決着がついたのは、黒曜が終式の名を宣言してからわずか数秒後。
たったそれだけの時間で、あれだけの反攻を見せていたアーサーが即死する。
それと同時に周囲を覆っていた夜闇が消えて、再び明るい陽光が戻ってきた。
暗夜の暗闇の中で何が起こっていたのか理解できたのは、視覚と聴覚をフル活用して状況を把握していたスクナのみ。
「なんじゃそりゃ……」
黒曜の終式の効果を見て、スクナはただそう呟くしかなかった。
☆
「え……アーサー死んだんじゃが」
「……です」
思わず、といった様子でヒミコさんがそう呟いた。
どうやらヒミコさんと翡翠はあの暗闇の中で何が起こっていたのかは見えていなかったらしく、キョトンとした表情を浮かべていた。
「スクナは何が起こったのかわかったみたいだね」
「うん、まあ……琥珀も?」
「私も正確にはわからないよ。ただ、私が黒曜の終式がどんなものか知っているというだけの話さ」
なるほど、確かに元々終式が使える上に黒曜の弟子でもある琥珀であれば、黒曜の終式の詳細は知っていて当然だろう。
逆に言えば、翡翠は反応を見る限りでは黒曜の終式を知らなかったのかな? 気になって聞いてみると、翡翠は首を縦に振った。
「鬼の舞の終式は、鬼人族の決戦奥義です。絶大なデメリットを背負って使用する技ですから、訓練で軽々に見せるようなものではないと聞いています」
「なるほどねぇ」
それだけの技を今ここで見せてくれたのは、それだけの敬意をアーちゃんに払っていたからと判断すべきなのだろうか。
というか、この場合ってアーちゃんはどこにリスポーンするんだろう? もしかして里の入口まで飛ばされたりするの?
「ここでデスした場合は寄合所で復活じゃな。遠い訳でもないし、すぐに来るじゃろ」
「さすがヒミコさん、デス慣れしてるだけあるね」
「いやまあ、それもあるんじゃけど……ここに来た鬼人族はほぼ確実に黒曜に殺られとるんじゃ。スクナたそは琥珀様に教えて貰ってるから知らんかもじゃけど、鬼の舞の通常の習得条件が『一対一の試合で黒曜にダメージを与えること』じゃから」
「ああ……クロロベンゼンさんが黒曜に勝てないって嘆いてたね」
鬼の舞の習得条件が黒曜とのバトルなのは、鬼人族専用掲示板で見たから私も知っている。確か『鬼人の師範を超えろ』みたいなクエスト名だったかな。

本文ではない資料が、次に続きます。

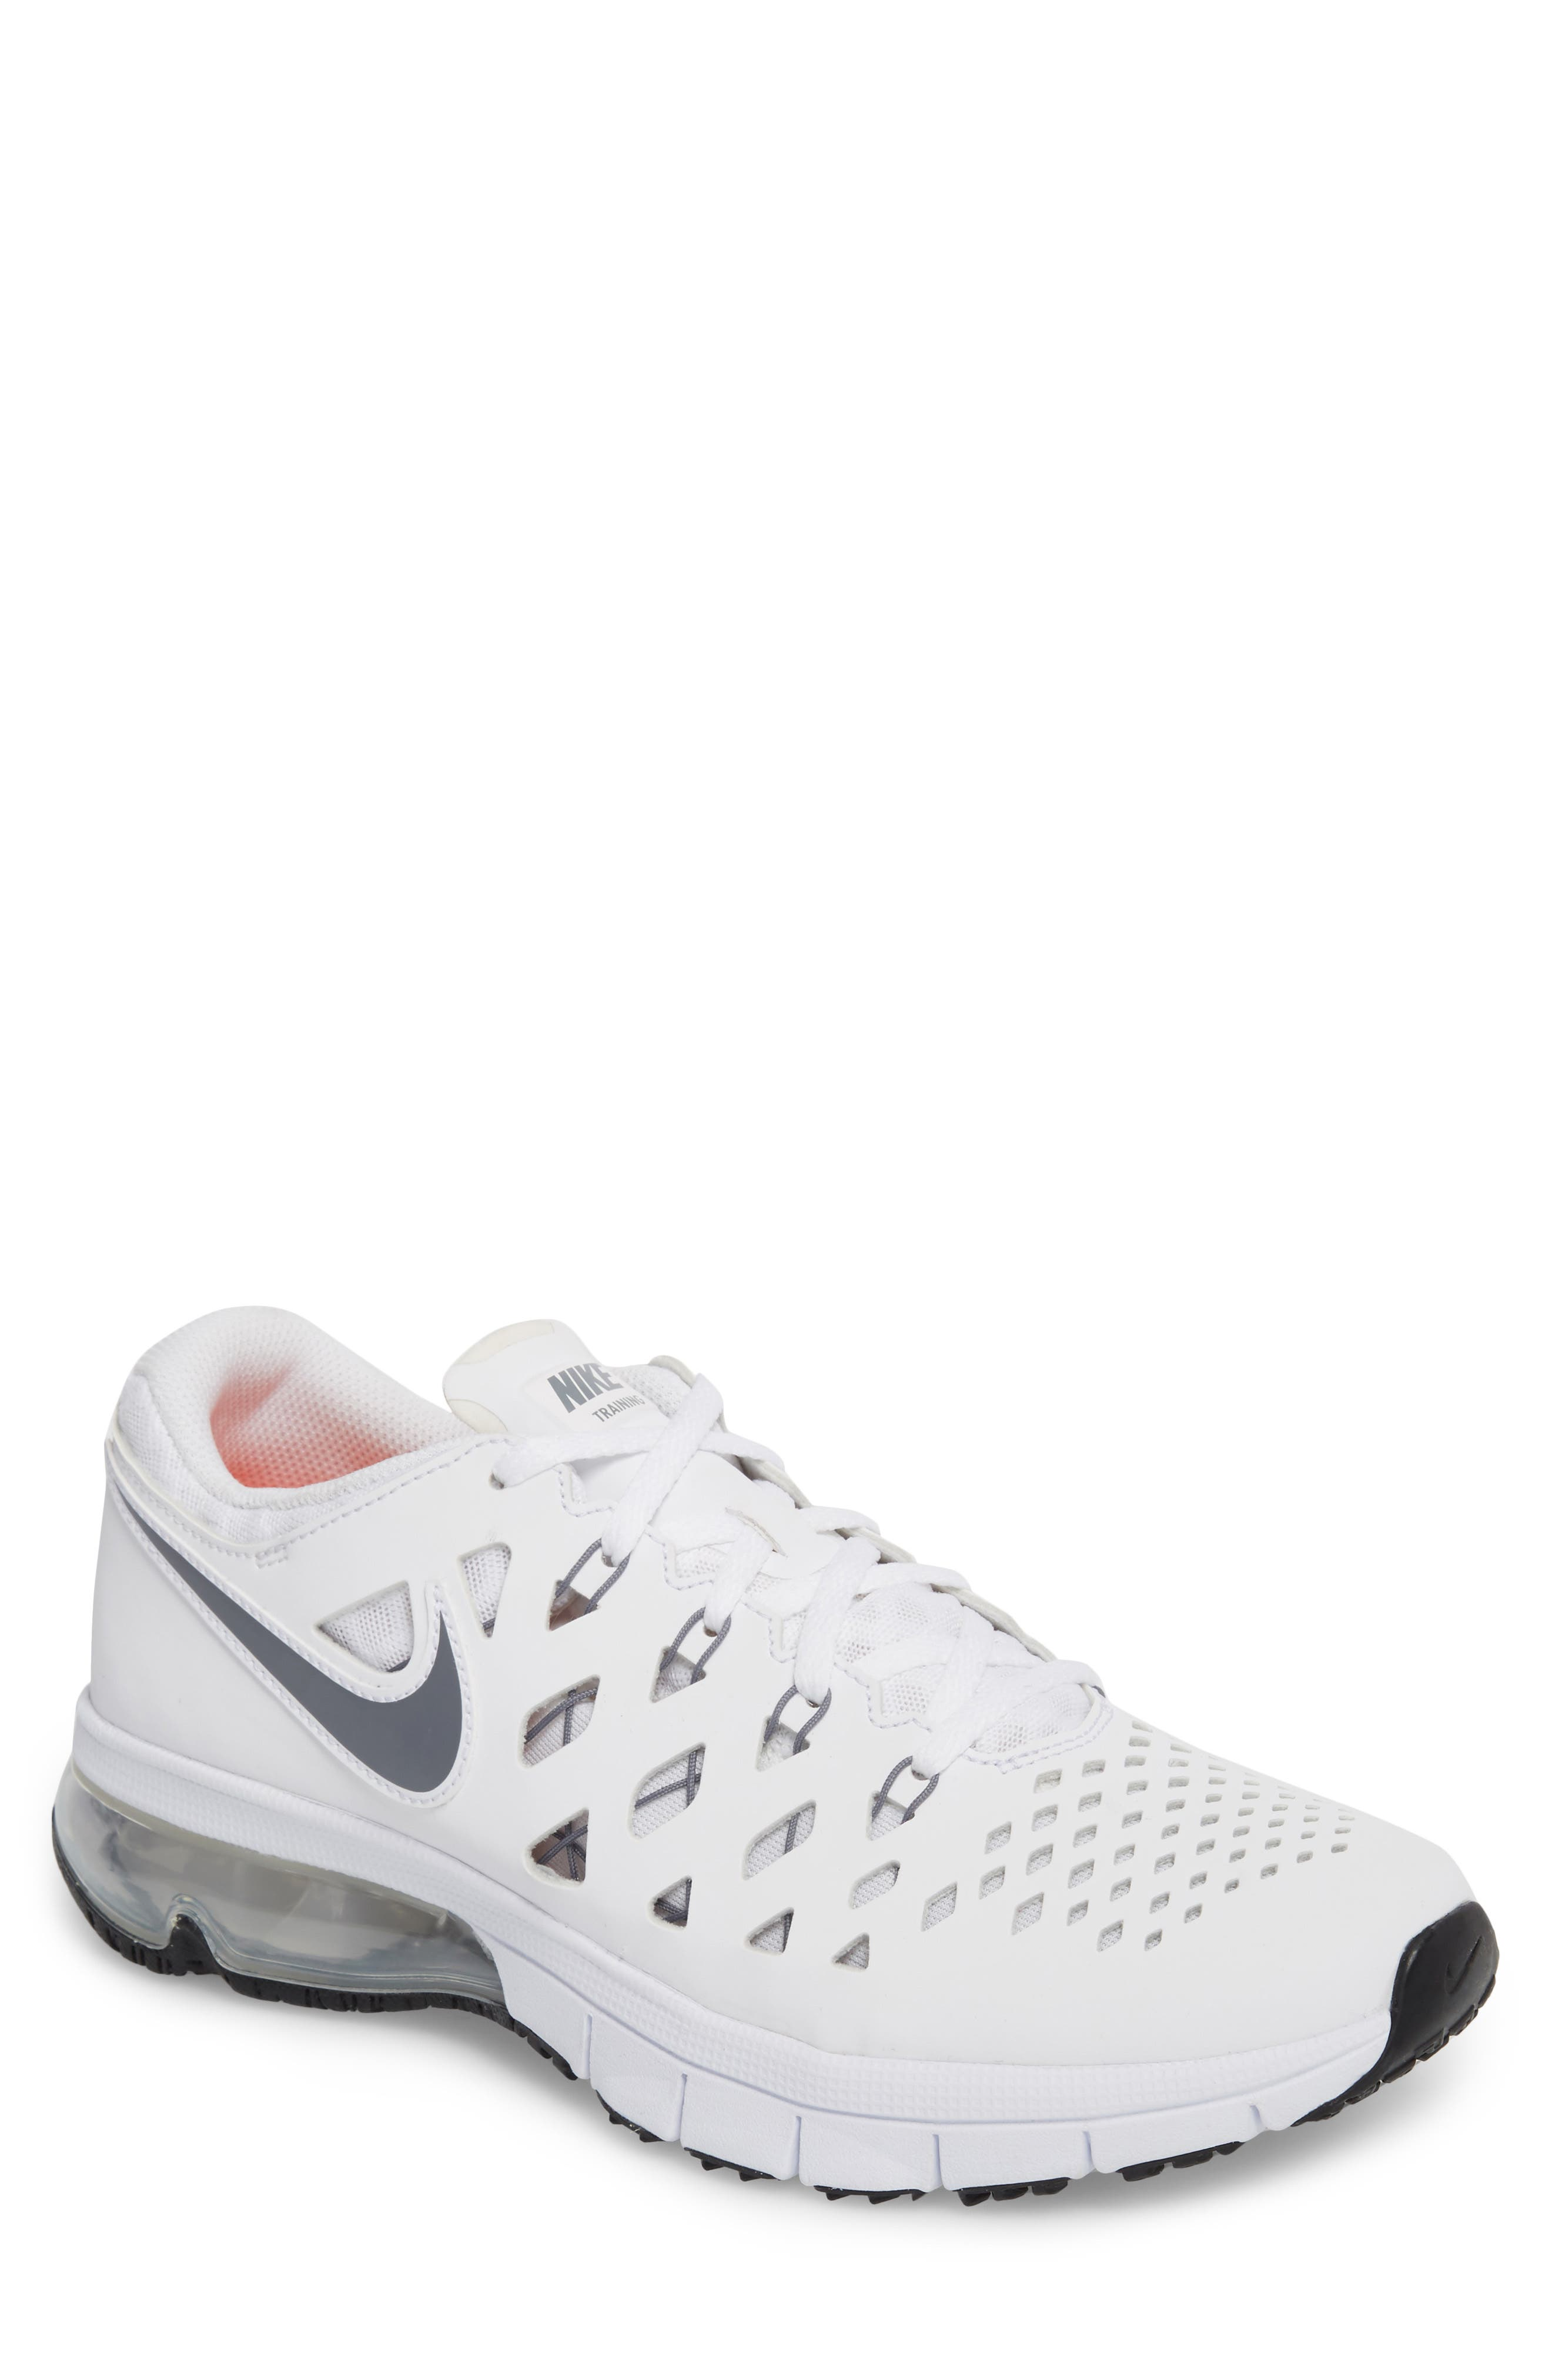 Air Trainer 180 Training Shoe,                             Main thumbnail 1, color,                             White/ Cool Grey-Black

この鬼の舞の習得こそが、鬼人の里に来る一番のメリットであると言ってもいい。
特に明確な攻略法があるわけではないらしいんだけど、だいたいレベル65前後のステータスで真面目に戦えば何とかクリアできるクエストなんだとか。
今のを見ている限り黒曜も相当手加減はしてるんだろうけど、多くの鬼人族プレイヤーが黒曜にボコボコにされているみたいだから、クエストの難易度は相当なものみたいだ。
アーちゃんの所在もわかってホッとしていると、戦いを終えた黒曜がご機嫌な様子で戻ってきた。
「うふふふ。いやぁ、アーサーさんはお強いですね。年甲斐もなく興奮してしまいましたよ」
「さっきの分身が黒曜の終式?」
「ええ。その反応を見る限り、ちゃんと見えていたようですね」
黒曜が終式を宣言した瞬間、周囲に夜の帳が下りた。
その瞬間、私の目が正しければ3体の黒曜の分身のようなものがアーちゃんを取り囲むように出現し。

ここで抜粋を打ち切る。